可选的,为了提高训练效率,所述第二原始训练样本图像为从所述第一原始训练样本图像中选出的图像。即,可先从第一原始训练样本图像中选择出部分图像作为第二原始训练样本图像,在利用前述训练后的风格图像生成模型对第二原始训练样本进行处理,得到第二原始训练样本图像对应的风格样本图像。
此外,在实际使用过程中,目标图像的图像尺寸通常是不固定的,为了提高对不同尺寸图像的风格迁移的稳定性,在可选实施方式中,在执行利用所述配对训练图像集对风格迁移模型进行训练的过程中,还可以包括:
对所述配对训练图像集中各图像对,进行基于多个图像尺寸维度的图像调整处理,得到所述每个图像对在多个图像尺寸维度下的图像对;
利用所述配对训练图像集中各图像对在多个图像尺寸维度下的图像对,对风格迁移模型进行训练。
通过采用不同图像尺寸的第二原始训练样本图像以及其对应的风格图像对风格迁移模型进行训练,可以使得模型适应于对于不同尺寸的目标图像进行处理,提高了模型的泛化能力以及鲁棒性。
在上述实施方式的基础上,在实际使用过程中,目标图像的亮度差异是极大的,为了提高对不同图像亮度图像的风格迁移的稳定性,在其他可选实施方式中,在执行利用所述配对训练图像集对风格迁移模型进行训练的过程中,还可以包括对所述配对训练图像集中的所述第二原始训练样本图像的目标区域的图像亮度进行随机调整,利用图像亮度经过随机调整的第二原始训练样本图像以及所述第二原始训练样本图像对应的风格样本图像,对风格迁移模型进行训练。

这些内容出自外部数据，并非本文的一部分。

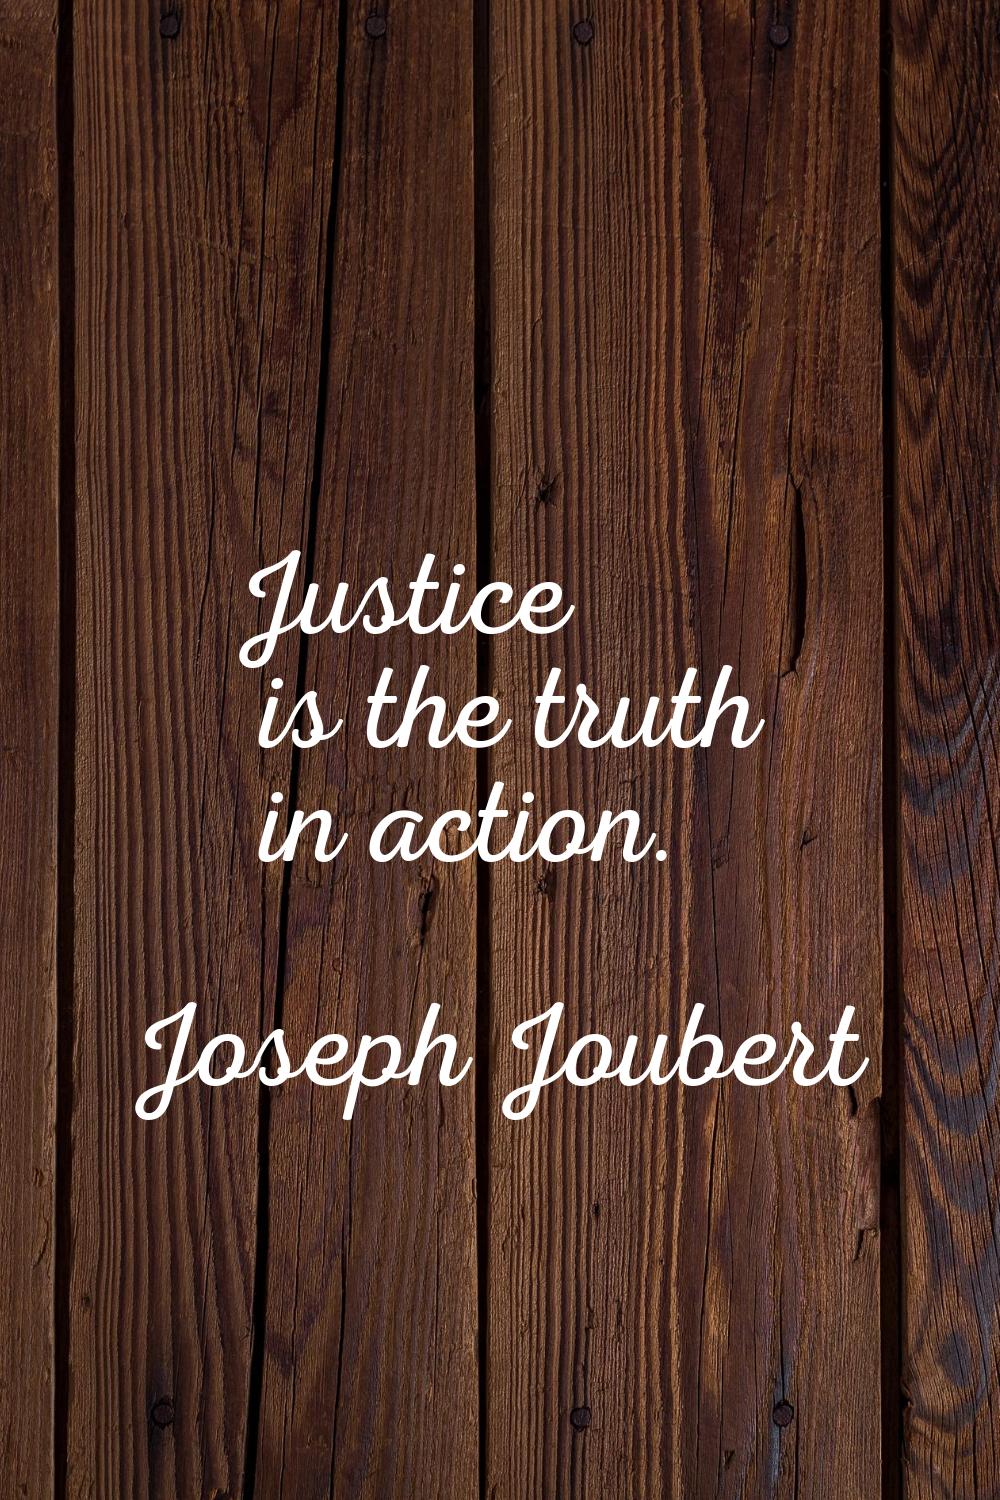 Justice is the truth in action.

在实际图像中,对于图像全局来说,其亮度是十分随机的,而图像中人脸部分相对较亮,为了更多的模拟真实情况下的目标图像的亮度状态,具体来说,可选实施方式中,可针对所述配对训练图像集中的所述第二原始训练样本图像的全局图像,进行随机亮度处理;以及对所述配对训练图像集中的所述第二原始训练样本图像的目标区域图像,进行亮度增亮处理。
其中,上述的目标区域具体可包括人脸区域,相应的,对全局图像进行随机亮度处理是指基于图像的全部区域的gamma值进行随机赋值,以使得图像中的光照条件处于随机状态;而对亮度增亮处理是指,对图像进行人脸区域识别,并基于识别得到的人脸区域图像建立人脸掩膜,然后利用人脸掩膜对图像中的人脸部分的亮度进行调整,以使人脸区域的亮度要高于非人脸区域的亮度。

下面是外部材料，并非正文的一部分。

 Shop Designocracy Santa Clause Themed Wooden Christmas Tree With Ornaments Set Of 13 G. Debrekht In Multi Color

通过上述对图像亮度的处理,可使得对配对训练图像集中的图像尽可能模拟真实情况下的图像亮度,从而使得利用这样的配对训练图像集训练得到的风格迁移模型,能够对不同亮度下的目标图像进行处理。
当完成对配对训练图像集中的第二原始训练样本图像以及风格图像的处理之后,本实施方式还将利用配对训练图像集对模型进行训练。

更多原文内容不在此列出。